WORK REQUIRED: Line by line, retype the material exactly and leave each picture out.

GIVEN MATERIAL:
--------------------------------

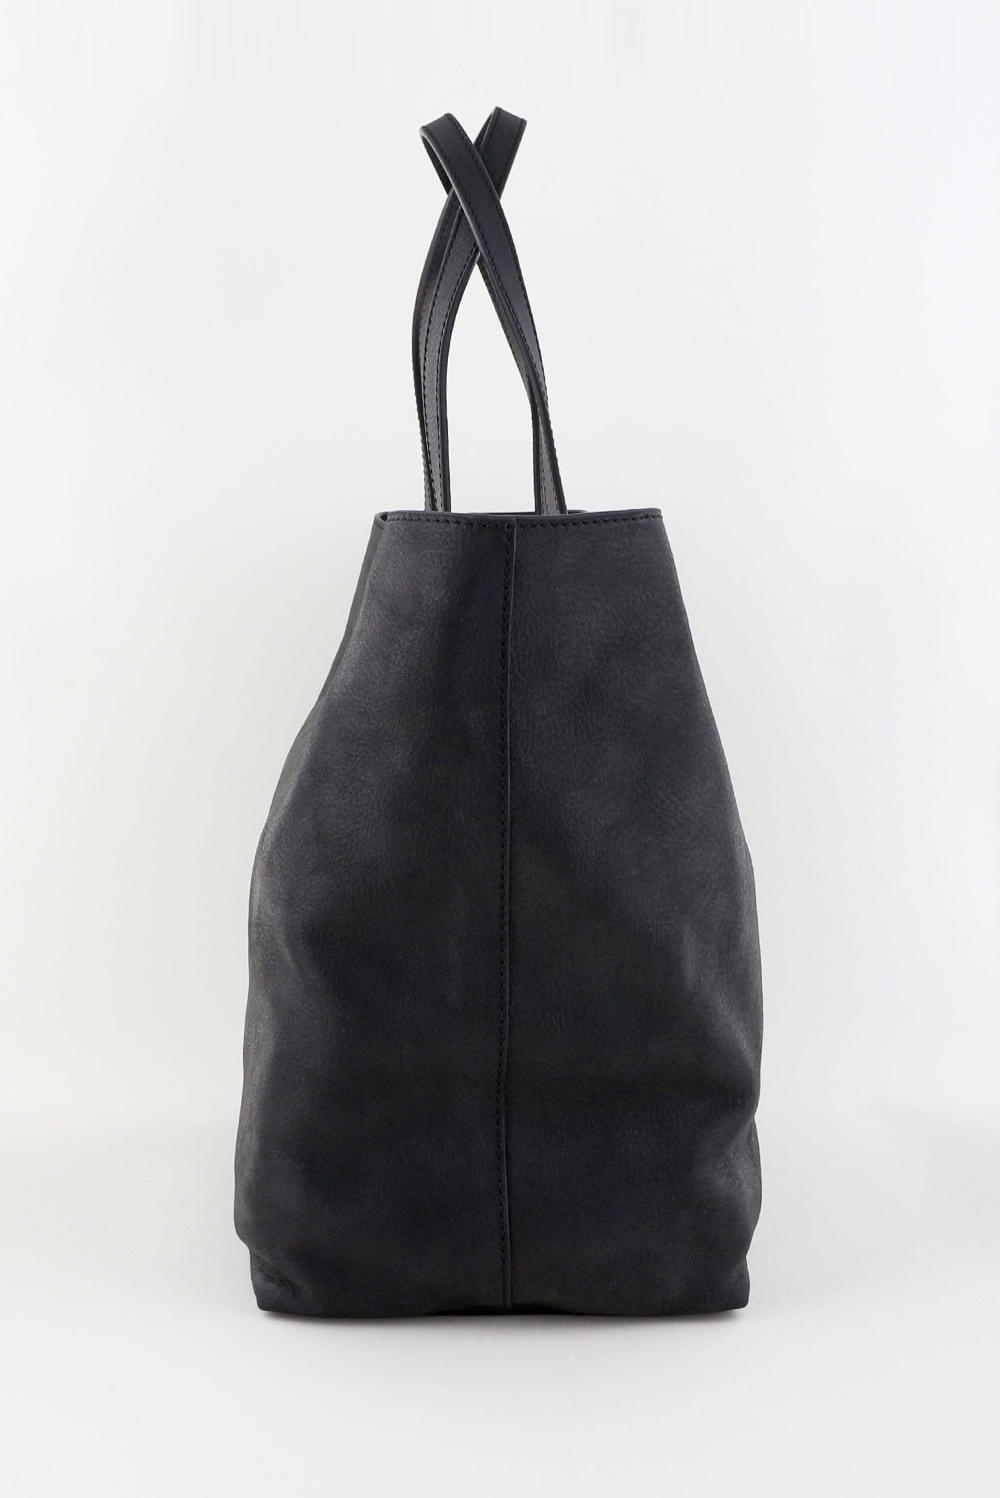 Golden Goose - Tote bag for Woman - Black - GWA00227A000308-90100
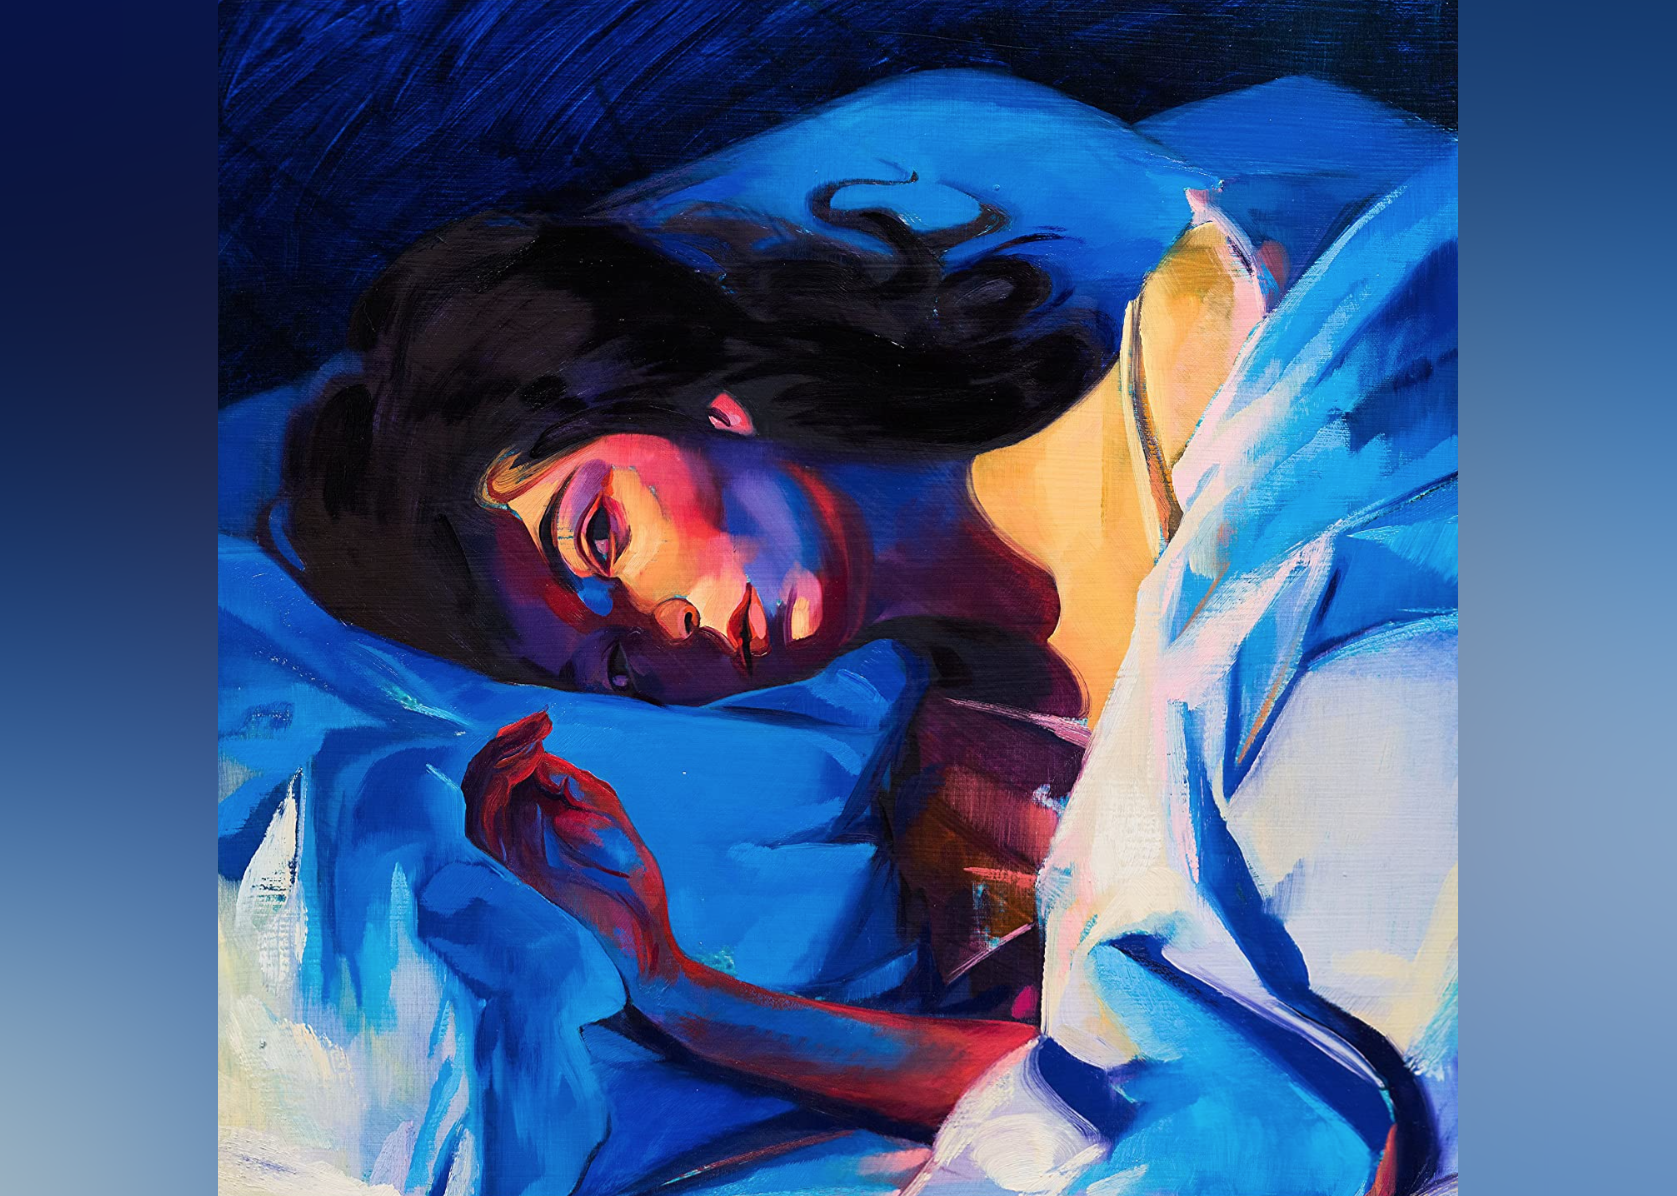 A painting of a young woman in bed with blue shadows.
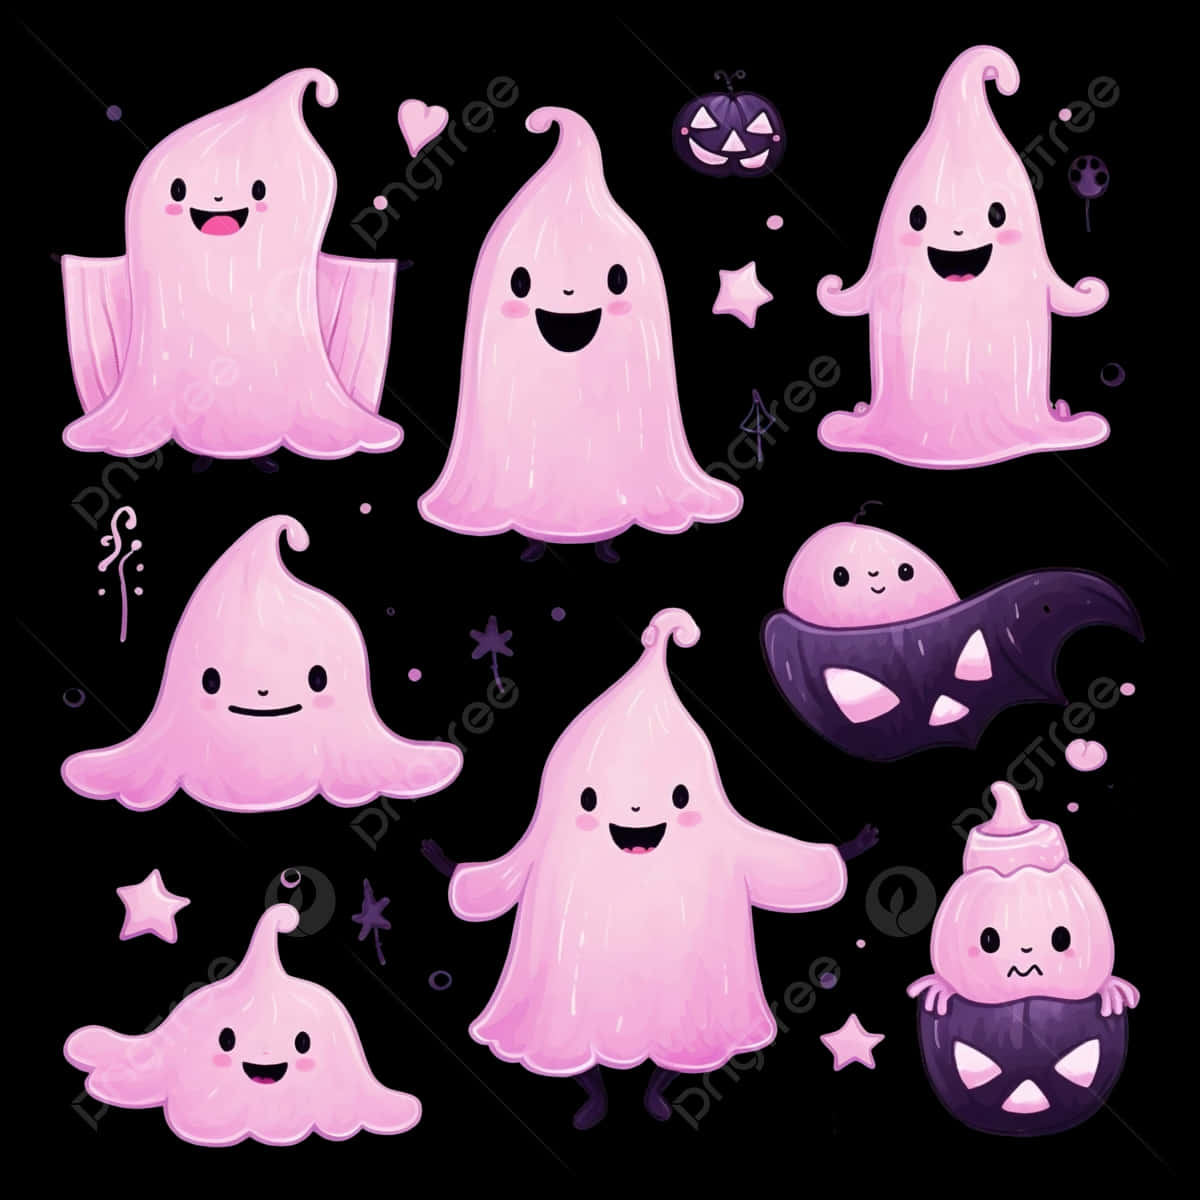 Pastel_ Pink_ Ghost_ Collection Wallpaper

--------------------------------

RESULT:
 Golden Goose - Tote bag for Woman - Black - GWA00227A000308-90100
 A painting of a young woman in bed with blue shadows.
 Pastel_ Pink_ Ghost_ Collection Wallpaper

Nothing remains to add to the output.